[[ EXERCISE DATA, beginning ]]

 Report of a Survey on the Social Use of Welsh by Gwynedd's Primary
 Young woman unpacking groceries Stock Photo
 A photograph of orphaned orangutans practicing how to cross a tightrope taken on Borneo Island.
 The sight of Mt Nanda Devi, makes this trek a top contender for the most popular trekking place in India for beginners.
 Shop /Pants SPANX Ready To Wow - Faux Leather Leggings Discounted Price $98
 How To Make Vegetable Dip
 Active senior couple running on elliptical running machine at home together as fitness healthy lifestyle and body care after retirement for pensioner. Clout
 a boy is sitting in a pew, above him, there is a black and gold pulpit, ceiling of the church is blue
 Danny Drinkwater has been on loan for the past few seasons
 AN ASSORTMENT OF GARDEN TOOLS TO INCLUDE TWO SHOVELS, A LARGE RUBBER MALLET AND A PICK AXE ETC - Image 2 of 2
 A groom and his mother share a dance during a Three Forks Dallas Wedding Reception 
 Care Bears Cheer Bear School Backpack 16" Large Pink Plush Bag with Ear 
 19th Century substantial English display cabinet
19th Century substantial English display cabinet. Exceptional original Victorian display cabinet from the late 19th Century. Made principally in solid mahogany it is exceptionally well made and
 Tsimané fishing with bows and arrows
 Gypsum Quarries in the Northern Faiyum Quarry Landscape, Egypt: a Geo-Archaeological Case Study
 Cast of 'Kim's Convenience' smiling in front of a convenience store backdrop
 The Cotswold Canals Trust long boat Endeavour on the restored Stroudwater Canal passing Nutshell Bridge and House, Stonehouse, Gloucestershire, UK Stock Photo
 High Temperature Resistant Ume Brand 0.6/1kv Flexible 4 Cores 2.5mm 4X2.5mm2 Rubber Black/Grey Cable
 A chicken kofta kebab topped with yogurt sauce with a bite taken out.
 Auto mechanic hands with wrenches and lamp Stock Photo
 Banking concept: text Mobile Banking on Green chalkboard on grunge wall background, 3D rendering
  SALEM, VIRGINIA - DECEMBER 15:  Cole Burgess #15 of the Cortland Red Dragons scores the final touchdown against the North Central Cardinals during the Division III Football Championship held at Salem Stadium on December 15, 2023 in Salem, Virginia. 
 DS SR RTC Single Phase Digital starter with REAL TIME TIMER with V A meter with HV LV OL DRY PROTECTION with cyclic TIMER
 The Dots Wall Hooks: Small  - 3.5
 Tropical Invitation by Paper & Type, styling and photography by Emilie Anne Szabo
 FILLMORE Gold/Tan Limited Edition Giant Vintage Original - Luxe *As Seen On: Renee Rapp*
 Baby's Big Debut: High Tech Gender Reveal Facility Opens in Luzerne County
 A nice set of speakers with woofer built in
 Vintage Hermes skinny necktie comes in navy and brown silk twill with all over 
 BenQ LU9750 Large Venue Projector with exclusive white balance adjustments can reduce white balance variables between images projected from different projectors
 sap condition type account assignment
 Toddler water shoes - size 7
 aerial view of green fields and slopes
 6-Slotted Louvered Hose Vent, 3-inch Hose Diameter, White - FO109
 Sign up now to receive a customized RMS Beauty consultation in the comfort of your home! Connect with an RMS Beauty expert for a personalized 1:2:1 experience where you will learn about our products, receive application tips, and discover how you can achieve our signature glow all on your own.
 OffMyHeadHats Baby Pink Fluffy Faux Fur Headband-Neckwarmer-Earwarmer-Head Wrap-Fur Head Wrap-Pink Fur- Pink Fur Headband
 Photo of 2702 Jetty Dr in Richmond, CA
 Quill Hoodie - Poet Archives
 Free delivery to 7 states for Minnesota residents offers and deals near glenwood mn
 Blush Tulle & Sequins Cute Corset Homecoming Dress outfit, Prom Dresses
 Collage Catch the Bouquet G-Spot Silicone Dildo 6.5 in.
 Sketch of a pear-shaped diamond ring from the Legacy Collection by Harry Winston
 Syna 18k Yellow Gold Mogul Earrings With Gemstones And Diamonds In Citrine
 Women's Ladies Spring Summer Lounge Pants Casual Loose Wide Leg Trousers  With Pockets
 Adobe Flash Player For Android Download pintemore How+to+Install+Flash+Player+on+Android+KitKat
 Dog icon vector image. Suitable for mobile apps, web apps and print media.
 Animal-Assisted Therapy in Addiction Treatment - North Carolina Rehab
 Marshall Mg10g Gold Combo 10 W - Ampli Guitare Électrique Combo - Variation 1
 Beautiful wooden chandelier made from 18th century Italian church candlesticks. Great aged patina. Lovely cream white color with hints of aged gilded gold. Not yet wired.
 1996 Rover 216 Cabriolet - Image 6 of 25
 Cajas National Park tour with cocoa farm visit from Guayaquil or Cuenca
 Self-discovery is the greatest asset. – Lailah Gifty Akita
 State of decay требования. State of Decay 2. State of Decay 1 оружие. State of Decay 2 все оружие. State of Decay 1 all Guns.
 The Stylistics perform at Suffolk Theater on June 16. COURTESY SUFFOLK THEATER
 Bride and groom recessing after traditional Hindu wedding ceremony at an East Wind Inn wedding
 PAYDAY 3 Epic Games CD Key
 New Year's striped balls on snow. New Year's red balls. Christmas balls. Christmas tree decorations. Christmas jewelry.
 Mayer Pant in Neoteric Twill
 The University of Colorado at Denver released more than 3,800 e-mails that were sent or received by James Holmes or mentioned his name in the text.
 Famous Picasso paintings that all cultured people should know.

[[ EXERCISE DATA, end ]]

WHAT THE EXERCISE ASKS
Reproduce the records above in their entirety, unchanged.

RESULT OF THIS EXERCISE
 Report of a Survey on the Social Use of Welsh by Gwynedd's Primary
 Young woman unpacking groceries Stock Photo
 A photograph of orphaned orangutans practicing how to cross a tightrope taken on Borneo Island.
 The sight of Mt Nanda Devi, makes this trek a top contender for the most popular trekking place in India for beginners.
 Shop /Pants SPANX Ready To Wow - Faux Leather Leggings Discounted Price $98
 How To Make Vegetable Dip
 Active senior couple running on elliptical running machine at home together as fitness healthy lifestyle and body care after retirement for pensioner. Clout
 a boy is sitting in a pew, above him, there is a black and gold pulpit, ceiling of the church is blue
 Danny Drinkwater has been on loan for the past few seasons
 AN ASSORTMENT OF GARDEN TOOLS TO INCLUDE TWO SHOVELS, A LARGE RUBBER MALLET AND A PICK AXE ETC - Image 2 of 2
 A groom and his mother share a dance during a Three Forks Dallas Wedding Reception 
 Care Bears Cheer Bear School Backpack 16" Large Pink Plush Bag with Ear 
 19th Century substantial English display cabinet
19th Century substantial English display cabinet. Exceptional original Victorian display cabinet from the late 19th Century. Made principally in solid mahogany it is exceptionally well made and
 Tsimané fishing with bows and arrows
 Gypsum Quarries in the Northern Faiyum Quarry Landscape, Egypt: a Geo-Archaeological Case Study
 Cast of 'Kim's Convenience' smiling in front of a convenience store backdrop
 The Cotswold Canals Trust long boat Endeavour on the restored Stroudwater Canal passing Nutshell Bridge and House, Stonehouse, Gloucestershire, UK Stock Photo
 High Temperature Resistant Ume Brand 0.6/1kv Flexible 4 Cores 2.5mm 4X2.5mm2 Rubber Black/Grey Cable
 A chicken kofta kebab topped with yogurt sauce with a bite taken out.
 Auto mechanic hands with wrenches and lamp Stock Photo
 Banking concept: text Mobile Banking on Green chalkboard on grunge wall background, 3D rendering
  SALEM, VIRGINIA - DECEMBER 15:  Cole Burgess #15 of the Cortland Red Dragons scores the final touchdown against the North Central Cardinals during the Division III Football Championship held at Salem Stadium on December 15, 2023 in Salem, Virginia. 
 DS SR RTC Single Phase Digital starter with REAL TIME TIMER with V A meter with HV LV OL DRY PROTECTION with cyclic TIMER
 The Dots Wall Hooks: Small  - 3.5
 Tropical Invitation by Paper & Type, styling and photography by Emilie Anne Szabo
 FILLMORE Gold/Tan Limited Edition Giant Vintage Original - Luxe *As Seen On: Renee Rapp*
 Baby's Big Debut: High Tech Gender Reveal Facility Opens in Luzerne County
 A nice set of speakers with woofer built in
 Vintage Hermes skinny necktie comes in navy and brown silk twill with all over 
 BenQ LU9750 Large Venue Projector with exclusive white balance adjustments can reduce white balance variables between images projected from different projectors
 sap condition type account assignment
 Toddler water shoes - size 7
 aerial view of green fields and slopes
 6-Slotted Louvered Hose Vent, 3-inch Hose Diameter, White - FO109
 Sign up now to receive a customized RMS Beauty consultation in the comfort of your home! Connect with an RMS Beauty expert for a personalized 1:2:1 experience where you will learn about our products, receive application tips, and discover how you can achieve our signature glow all on your own.
 OffMyHeadHats Baby Pink Fluffy Faux Fur Headband-Neckwarmer-Earwarmer-Head Wrap-Fur Head Wrap-Pink Fur- Pink Fur Headband
 Photo of 2702 Jetty Dr in Richmond, CA
 Quill Hoodie - Poet Archives
 Free delivery to 7 states for Minnesota residents offers and deals near glenwood mn
 Blush Tulle & Sequins Cute Corset Homecoming Dress outfit, Prom Dresses
 Collage Catch the Bouquet G-Spot Silicone Dildo 6.5 in.
 Sketch of a pear-shaped diamond ring from the Legacy Collection by Harry Winston
 Syna 18k Yellow Gold Mogul Earrings With Gemstones And Diamonds In Citrine
 Women's Ladies Spring Summer Lounge Pants Casual Loose Wide Leg Trousers  With Pockets
 Adobe Flash Player For Android Download pintemore How+to+Install+Flash+Player+on+Android+KitKat
 Dog icon vector image. Suitable for mobile apps, web apps and print media.
 Animal-Assisted Therapy in Addiction Treatment - North Carolina Rehab
 Marshall Mg10g Gold Combo 10 W - Ampli Guitare Électrique Combo - Variation 1
 Beautiful wooden chandelier made from 18th century Italian church candlesticks. Great aged patina. Lovely cream white color with hints of aged gilded gold. Not yet wired.
 1996 Rover 216 Cabriolet - Image 6 of 25
 Cajas National Park tour with cocoa farm visit from Guayaquil or Cuenca
 Self-discovery is the greatest asset. – Lailah Gifty Akita
 State of decay требования. State of Decay 2. State of Decay 1 оружие. State of Decay 2 все оружие. State of Decay 1 all Guns.
 The Stylistics perform at Suffolk Theater on June 16. COURTESY SUFFOLK THEATER
 Bride and groom recessing after traditional Hindu wedding ceremony at an East Wind Inn wedding
 PAYDAY 3 Epic Games CD Key
 New Year's striped balls on snow. New Year's red balls. Christmas balls. Christmas tree decorations. Christmas jewelry.
 Mayer Pant in Neoteric Twill
 The University of Colorado at Denver released more than 3,800 e-mails that were sent or received by James Holmes or mentioned his name in the text.
 Famous Picasso paintings that all cultured people should know.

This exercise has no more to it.